Environment Setup and Dependencies

Install Python (version 3.13 or higher) and the required libraries. Open your terminal and run:

pip install requests beautifulsoup4

These two libraries are all you need:

  • `requests` sends HTTP requests to the HasData API
  • `beautifulsoup4` parses the HTML and extracts data

Why HasData API?

ZipRecruiter uses JavaScript to load job listings dynamically. Simple HTTP requests won’t work because you’ll get an empty page, the content loads after the page opens. You need a tool that renders JavaScript like a real browser.

HasData API handles this automatically. It runs a real browser in the cloud, waits for JavaScript to finish loading, and returns the fully rendered HTML. It also rotates proxies from different countries, so you won’t get blocked even when scraping many pages.

Get Your API Key

Sign up at hasdata.com and get your API key from the dashboard. It’s free to start.

Store your API key safely. You’ll use it in every request:

HASDATA_API_KEY = "HASDATA-API-KEY"
HASDATA_API_URL = "https://api.hasdata.com/scrape"

That’s it for setup. You’re ready to start scraping.

Implementing the Extraction Logic

The process has three main stages: fetching pages, parsing HTML, and extracting data from each job card.
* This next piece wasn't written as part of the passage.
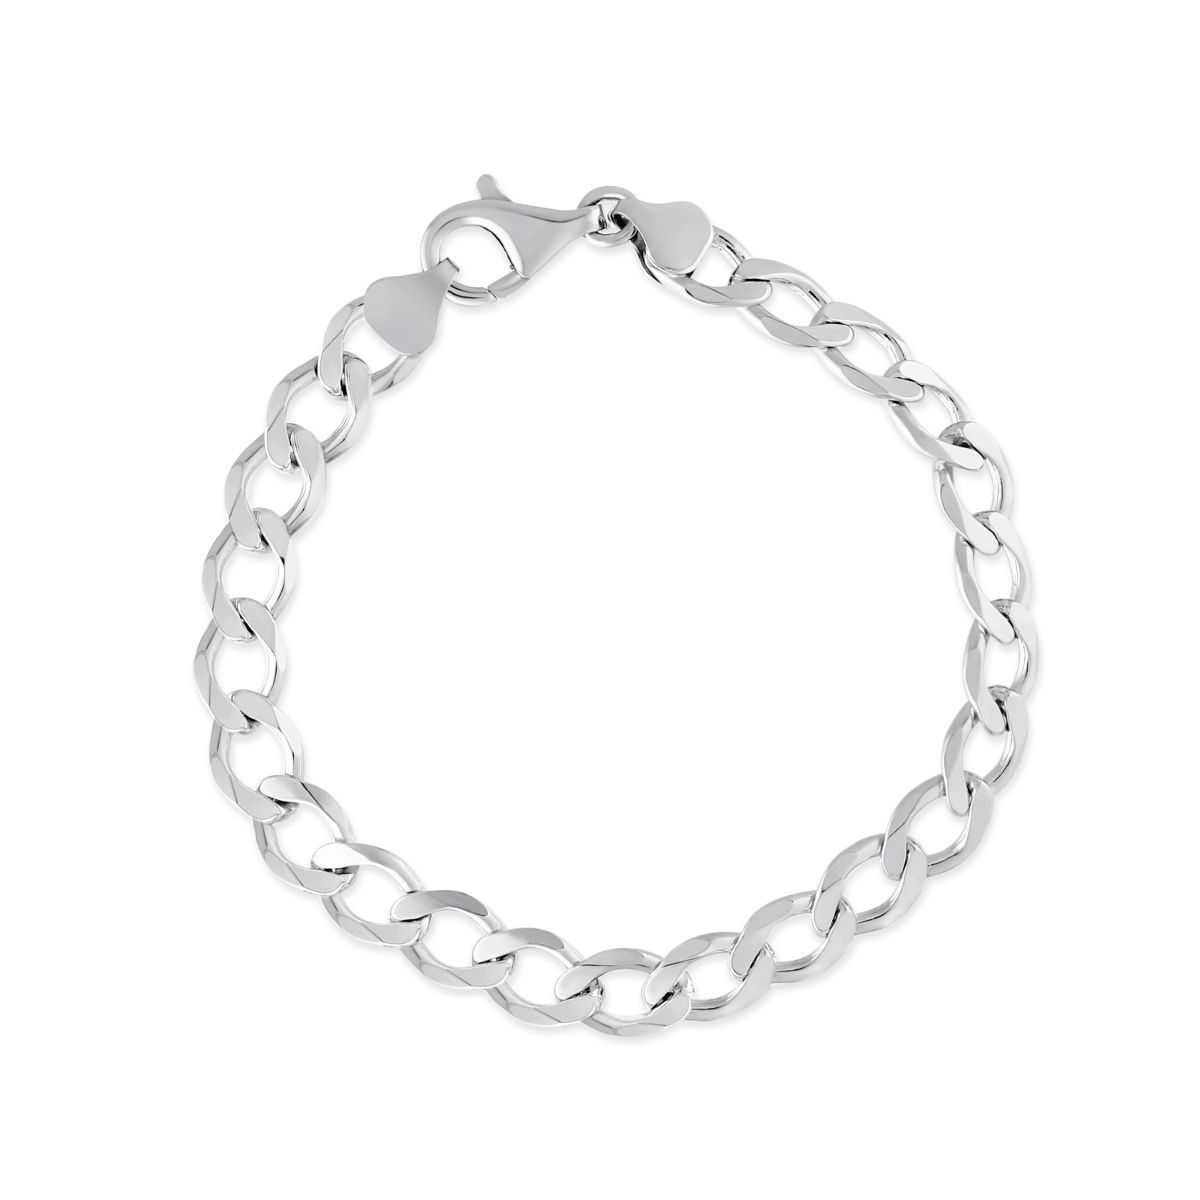 Sterling Silver Curb Link Bracelet, 8

Fetching Pages with HasData API

First, create a function that fetches rendered HTML through HasData API:

def fetch_page(url):
    """Fetch page through HasData API"""
    headers = {
        "x-api-key": HASDATA_API_KEY,
        "Content-Type": "application/json"
    }
    
    payload = {
        "url": url,
        "proxyType": "residential",
        "proxyCountry": "US",
        "jsRendering": True,
        "blockAds": True,
        "outputFormat": ["html"]
    }
    
    response = requests.post(HASDATA_API_URL, json=payload, headers=headers)
    return response.text

This function sends a POST request to HasData API with the target URL and configuration. The API returns fully rendered HTML with all JavaScript content loaded. Setting `jsRendering: True` ensures dynamic content appears, and `proxyType: "residential"` uses real residential IP addresses to avoid detection.

Parsing Job Cards

Once you have the HTML, use BeautifulSoup to find all job listings:

soup = BeautifulSoup(html, 'html.parser')
job_cards = soup.find_all('article')
print(f"Found {len(job_cards)} jobs")

ZipRecruiter wraps each job posting in an `<article>` tag. This selector finds all job cards on the page at once. If you see `0 jobs`, the page didn’t load correctly. If you see a number like `20-40`, you’re successfully finding the cards.

Extracting Data Fields

For each job card, extract all available information:

def extract_job_data(card):
    """Extract all data from a single job card"""
    # Job ID
    job_id = card.get('id', '').replace('job-card-', '')
    
    # Title
    title_elem = card.find('h2')
    title = title_elem.get_text(strip=True) if title_elem else 'N/A'
    
    # Company
    company_elem = card.find('a', {'data-testid': 'job-card-company'})
    company = company_elem.get_text(strip=True) if company_elem else 'N/A'
    
    # Location
    location_elem = card.find('a', {'data-testid': 'job-card-location'})
    location = location_elem.get_text(strip=True) if location_elem else 'N/A'
    
    # Salary - search paragraphs for dollar signs
    salary = 'N/A'
    for p in card.find_all('p'):
        text = p.get_text(strip=True)
        if '$' in text and '/' in text:
            salary = text
            break
    
    # Company logo
    logo_elem = card.find('img')
    logo_url = logo_elem.get('src') if logo_elem else None
    
    # Badges
    badges = []
    if card.find('p', string='New'):
        badges.append('New')
    if card.find('p', string='Quick apply'):
        badges.append('Quick apply')

Use `data-testid` attributes when available because they’re more stable than CSS classes. Always check if an element exists before calling `.get_text()` to avoid errors when data is missing. The `strip=True` parameter removes extra whitespace. Return `'N/A'` for missing data to keep your data structure consistent.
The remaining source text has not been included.